I wish these insights could be lodged in the minds and hearts of every Christian in the world— especially the religious and political leaders.

De Gruchy was a member of the Rondebosch United Church in the 70’s and 80’s, when the congregation began to identify itself with the anti-apartheid movement.  On two different occasions the pastor, Douglas Bax, walked past groups of fully armed soldiers and police who had surrounded the church, and in their presence ripped from the front door the proclamation that the building could no longer house meetings of the liberation forces or provide a home for conscientious objectors.  I tremble inwardly at the thought of how much courage it would take to do such things!  And now, in the post-apartheid period, this same Rondebosch United Church continues to support anyone ostracized by society or other churches: street children, domestic workers, refugees from Rwanda and elsewhere, gay people, prisoners.  Furthermore, many of the more “conservative” white members have remained in fellowship, at times unsettled but always enriched: “evangelism by those formerly excluded [leads] to the humanization of those who have been privileged” (p. 171).  Out of all this concrete experience grows de Gruchy’s definition of a genuinely Christian church: “an institution in which people are enabled to be truly human, truly themselves, in Christ” (p. 170).

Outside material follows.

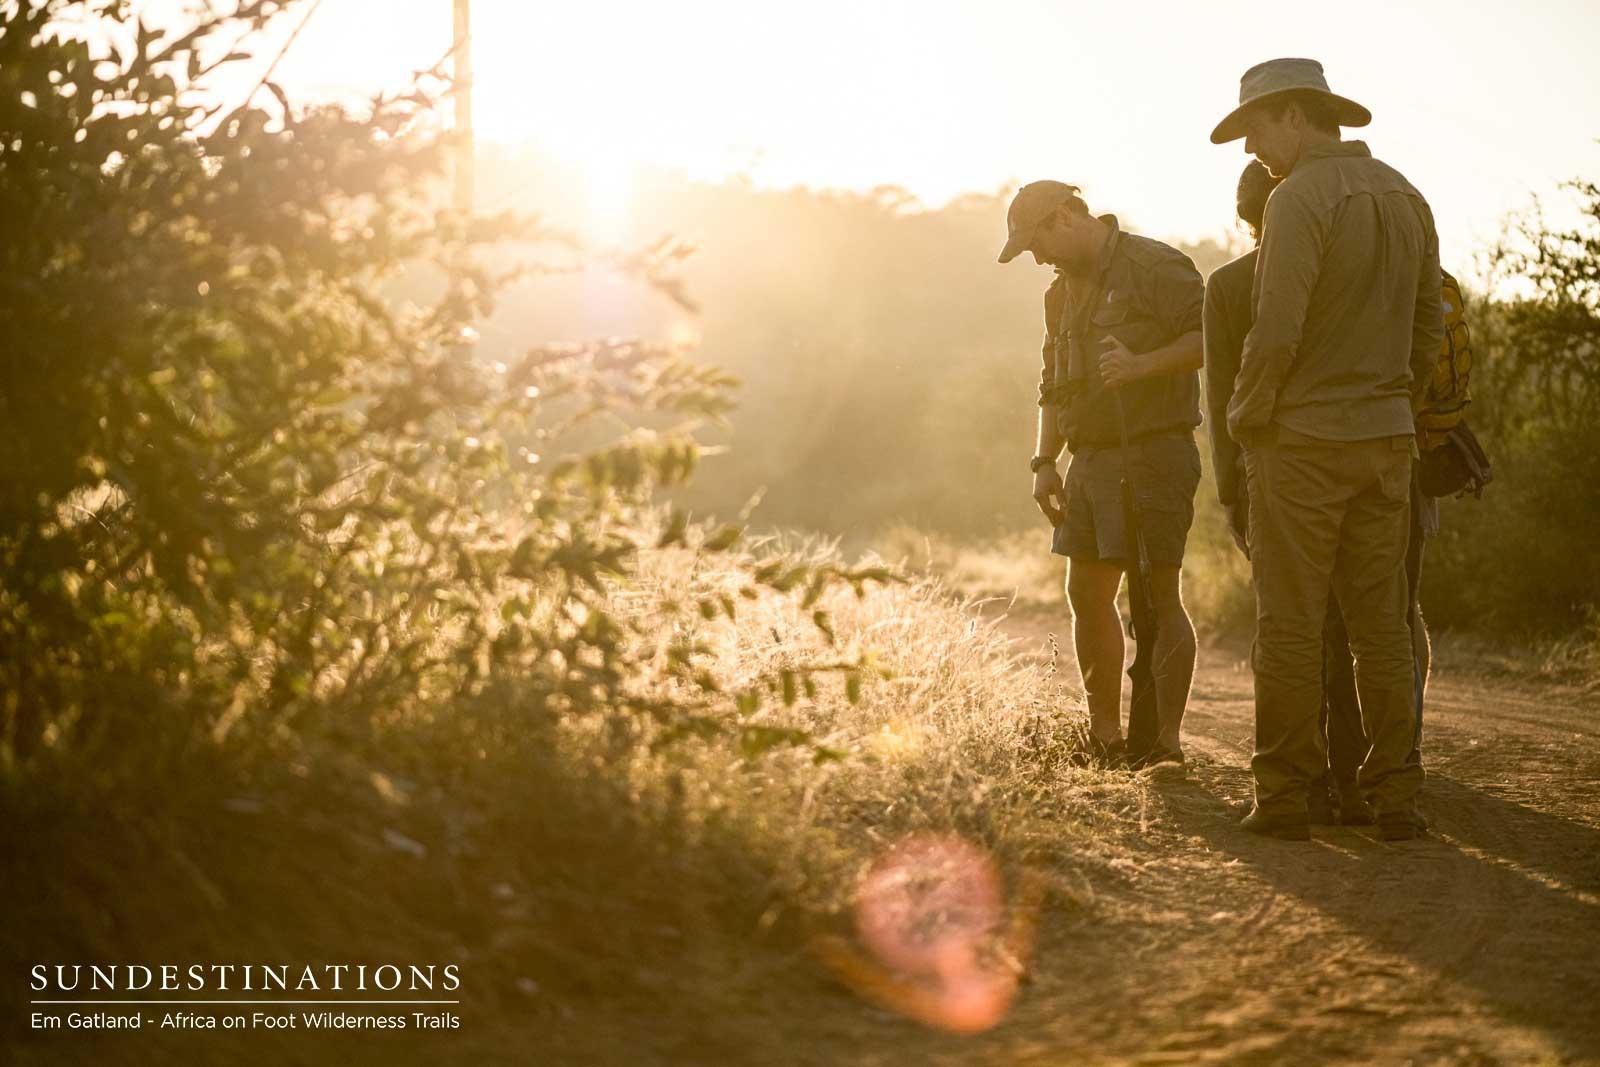 Africa on Foot Wilderness Trails

De Gruchy explains early on that his book is a “sharing of some perspectives on being human and Christian” drawn from his own experience and reflection “after more than 30 years of teaching on the boundaries of theology, religion, and the human and social sciences, and many more years of Christian ministry.”  When de Gruchy reached the mandatory retirement age of 65, his friends and former students urged him to tell the story that had led to his conviction that “being a Christian is about recovering our humanity” and also to elaborate on his understanding of “what it means to be a Christian Humanist” (p. 4).  The result is a strongly convincing, extremely interesting combination of autobiography, introspection, and explanation of often-misunderstood concepts.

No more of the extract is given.